Enhancing performance when sidecars interact with each other.
Problem Statement: Frequent Reconnection When Cluster is Idle
Observations from Log Analysis
While investigating logs, we identified an issue where unused clusters and all sidecars continuously connect and disconnect from third-party services such as SSM and Kafka. Additionally, we noticed a pattern of incoming connections from external sources.
To address this, we categorized the reconnection issues and implemented solutions accordingly.
Kafka Reconnection Problem (Resolved)
Before applying configuration changes, Kafka reconnected approximately every 30 seconds. After implementing the optimizations, reconnections now occur every 5 minutes.
To minimize frequent Kafka reconnections, the following parameters were adjusted:
Kafka Connection Optimization Parameters
# Keep TCP connections alive
MP_MESSAGING_INCOMING_DISCOVERY_KEEP_ALIVE = true
MP_MESSAGING_INCOMING_ENTITLEMENT_KEEP_ALIVE = true
MP_MESSAGING_INCOMING_LOGOUT_KEEP_ALIVE = true
# Increase session timeout to prevent frequent reconnects
MP_MESSAGING_INCOMING_DISCOVERY_SESSION_TIMEOUT_MS = 30000 # 30 seconds
MP_MESSAGING_INCOMING_ENTITLEMENT_SESSION_TIMEOUT_MS = 30000 # 30 seconds
MP_MESSAGING_INCOMING_LOGOUT_SESSION_TIMEOUT_MS = 30000 # 30 seconds
# Configure heartbeat intervals
MP_MESSAGING_INCOMING_DISCOVERY_HEARTBEAT_INTERVAL_MS = 10000 # 10 seconds
MP_MESSAGING_INCOMING_ENTITLEMENT_HEARTBEAT_INTERVAL_MS = 10000 # 10 seconds
MP_MESSAGING_INCOMING_LOGOUT_HEARTBEAT_INTERVAL_MS = 10000 # 10 seconds
# Increase max poll interval to prevent consumer disconnection
MP_MESSAGING_INCOMING_DISCOVERY_MAX_POOL_INTERVAL_MS = 60000 # 60 seconds
MP_MESSAGING_INCOMING_ENTITLEMENT_MAX_POOL_INTERVAL_MS = 60000 # 60 seconds
MP_MESSAGING_INCOMING_LOGOUT_MAX_POOL_INTERVAL_MS = 60000 # 60 seconds
SSM Reconnection Issue (Pending Investigation)
Each time parameters are retrieved, a new connection is established with SSM. The following log snippets illustrate the frequent connection establishment and disconnection cycles:
Log Example
2025-02-11T11:54:32.354+0000 [865026] INFO ProvTlsClient [client #7235] established connection with ssm.us-west-2.amazonaws.com:443
2025-02-11T11:54:32.343+0000 [081598] INFO ProvTlsClient [client #7235] opening connection to ssm.us-west-2.amazonaws.com:443
2025-02-11T11:54:32.339+0000 [081598] INFO ProvTlsClient [client #7231] disconnected from ssm.us-west-2.amazonaws.com:443
A possible solution is to cache the retrieved parameters to reduce unnecessary reconnections. This has already been implemented but requires further investigation.

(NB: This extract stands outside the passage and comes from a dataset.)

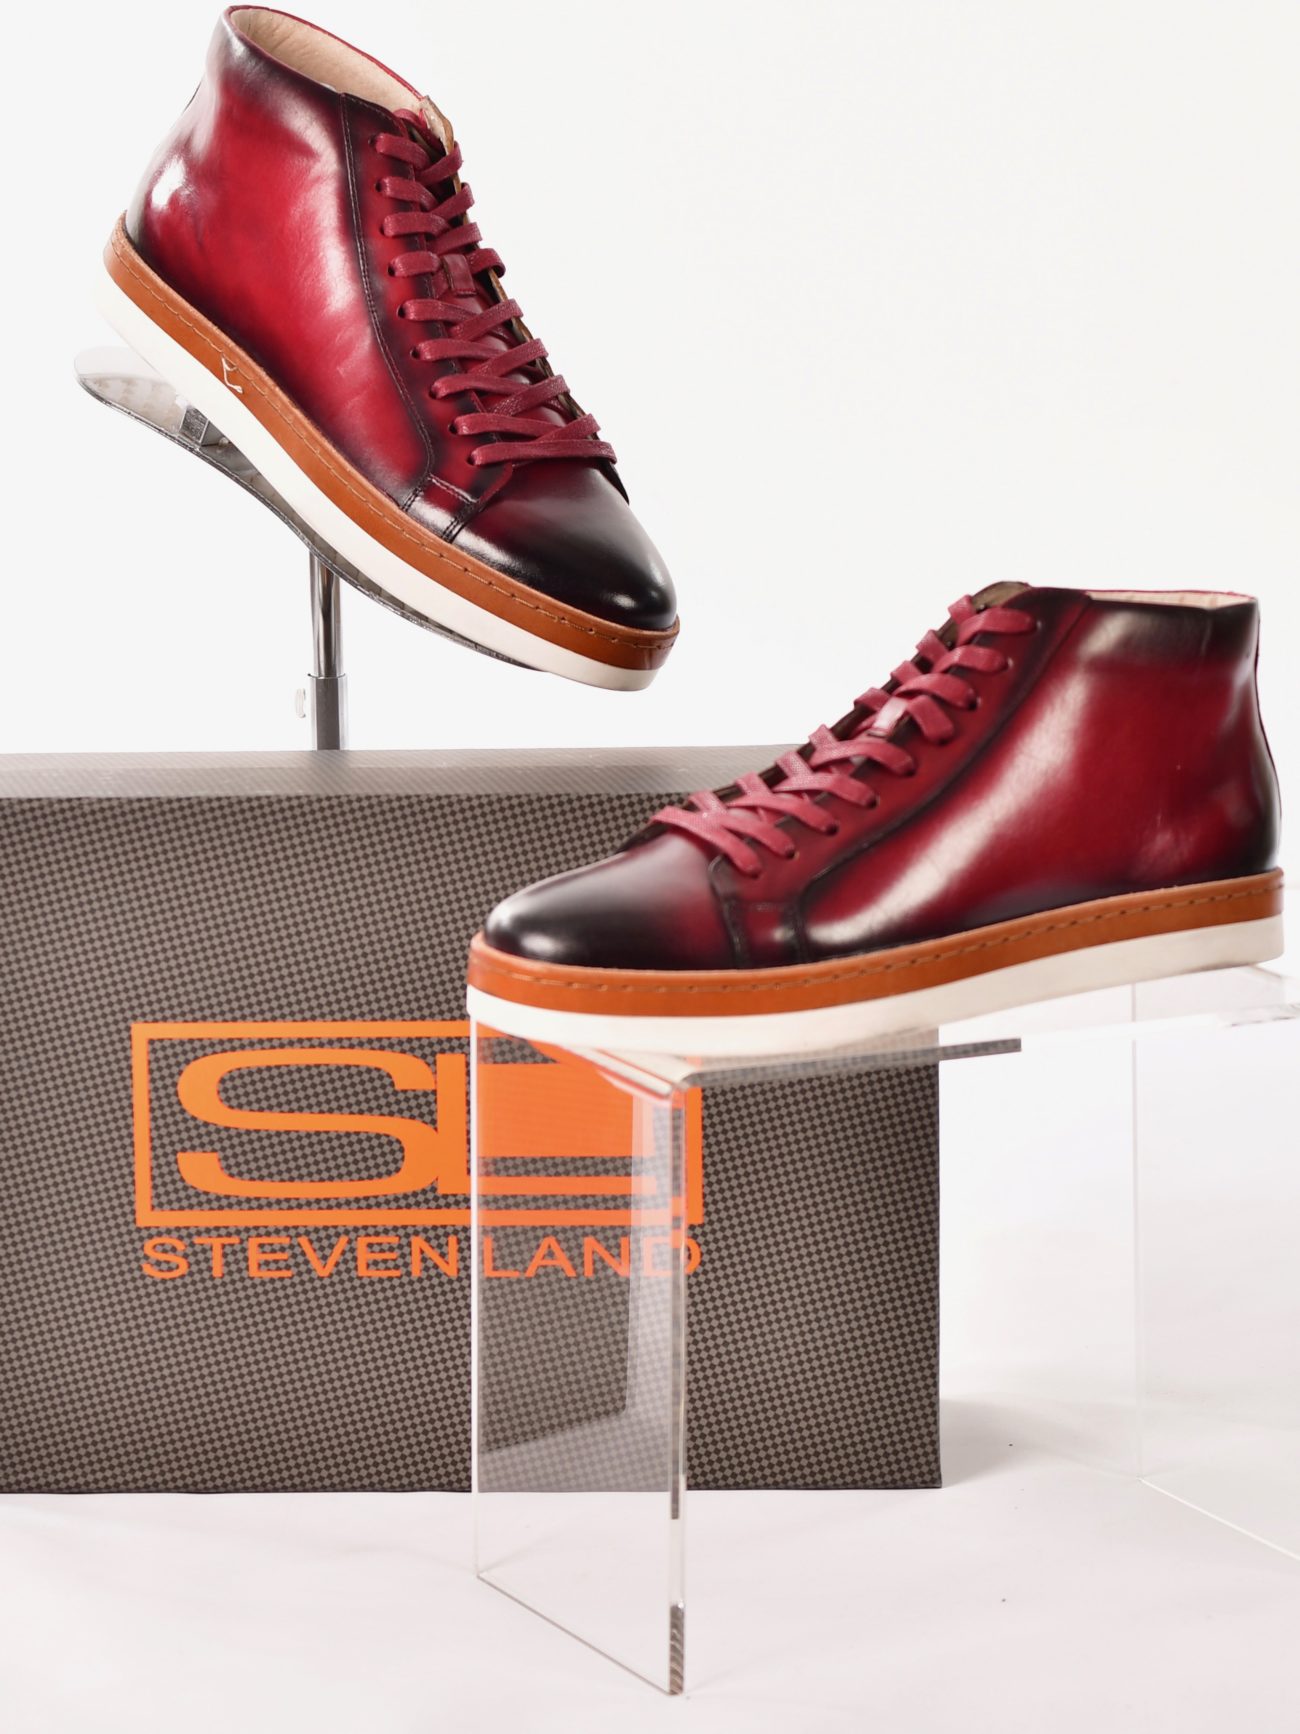 steven land men's dress shoes

Load Balancer TLS Health Checks
The load balancer performs health checks on TLS endpoints every 15 seconds (depending on the environment). Each sidecar gets a minimum of two health check requests per cycle.
Proposed Solution
Increase the health check interval to reduce TLS handshake overhead.
Exclude the health check page from SSL, allowing the load balancer to use a non-TLS endpoint.

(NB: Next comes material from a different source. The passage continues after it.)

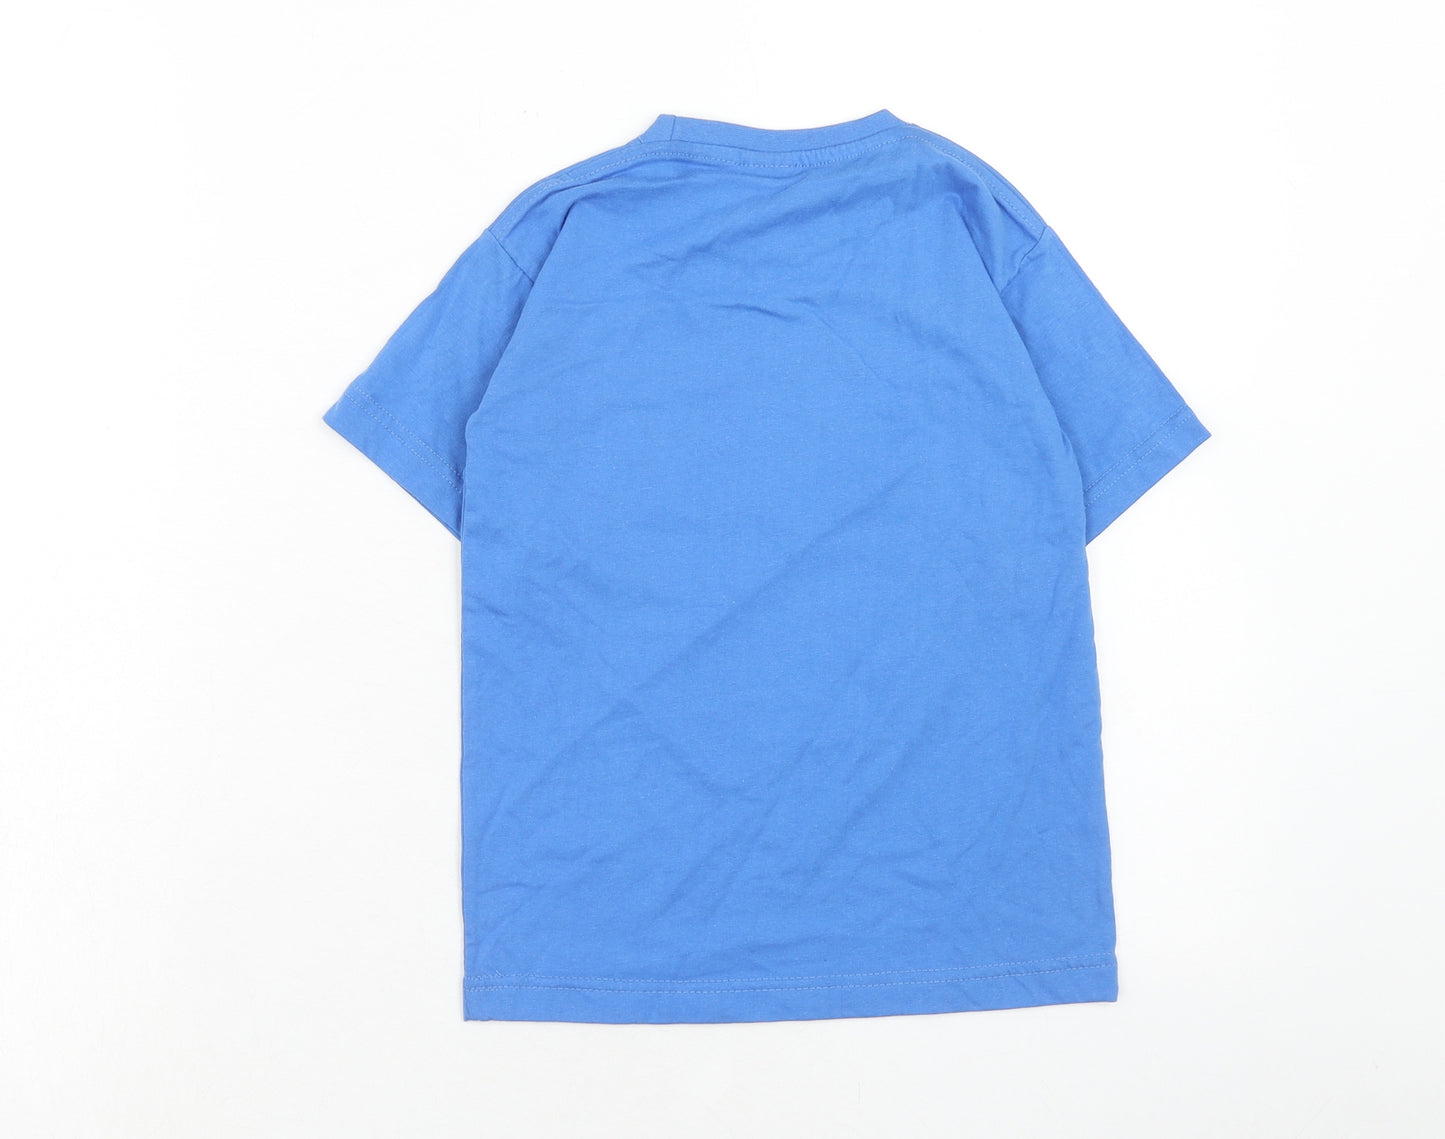 Crocodile Boys Blue Cotton Basic T-Shirt Size 6 Years Round Neck Pullover - Egyptian Mythology

Module-to-Module Communication Issue (Resolved)
Analysis of logs revealed that during some workflows, module-to-module calls repeatedly establish new TLS connections instead of reusing existing sessions. This issue, known as TLS Session Resumption, can significantly impact performance due to redundant TLS handshakes.

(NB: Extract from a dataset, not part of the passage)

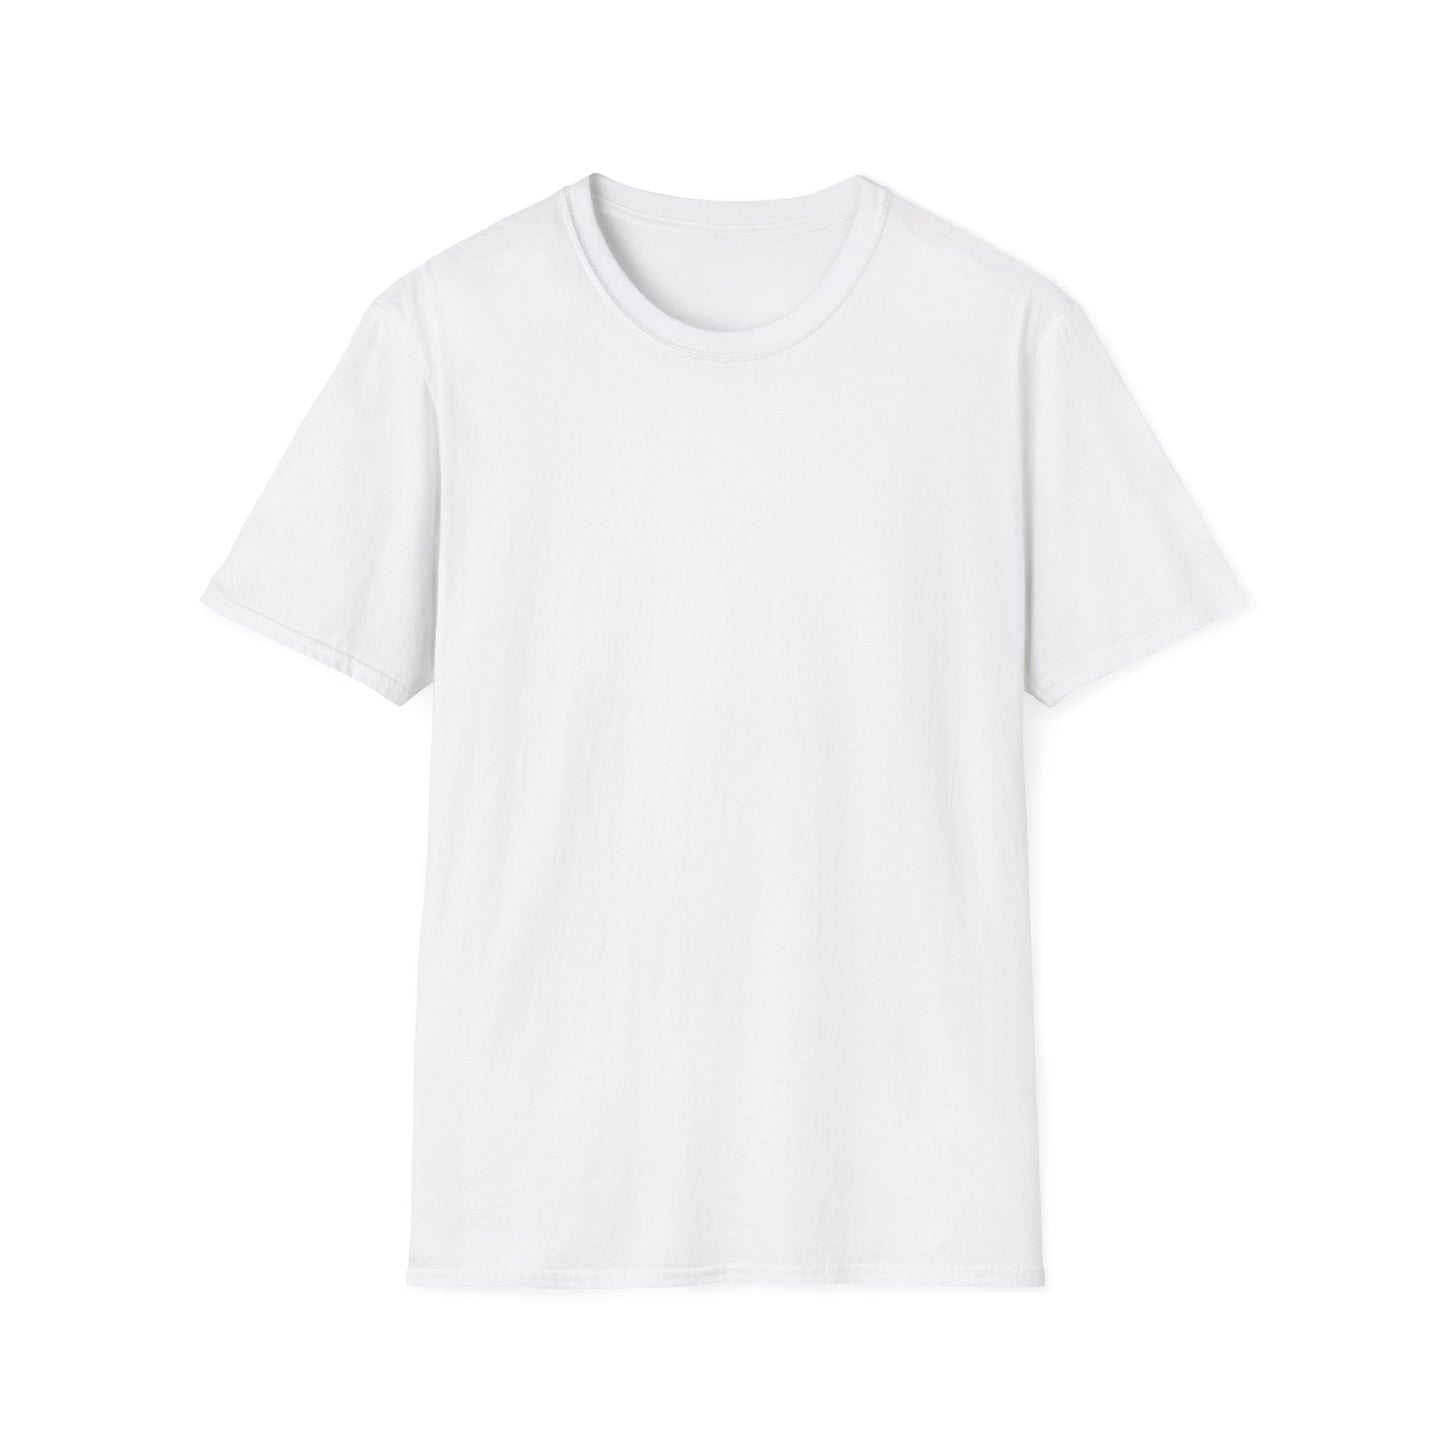 Prayer Warrior Cross Heart Women's Relaxed/Plus Tshirt (White Logo)

Log Example: Repeated TLS Handshakes
2025-03-17T09:29:13.735 INFO ProvTlsClient [client #1873] disconnected from mod-inventory-storage-b
2025-03-17T09:29:13.729 INFO ProvTlsClient [client #1874] established connection with mod-inventory-storage-b
2025-03-17T09:29:13.722 INFO ProvTlsClient [client #1872] disconnected from mod-inventory-storage-b
What is TLS Session Resumption?
TLS session resumption allows a client and server to reuse an existing TLS session, avoiding the need for a full TLS handshake. This significantly reduces the computational overhead involved in key exchange, certificate verification, and random number generation.
How TLS Session Resumption Works
Key Mechanisms
There are two primary methods to resume TLS sessions:
Session IDs (Stateful Resumption):
Server stores session state (e.g., encryption keys) and assigns a unique Session ID to the client.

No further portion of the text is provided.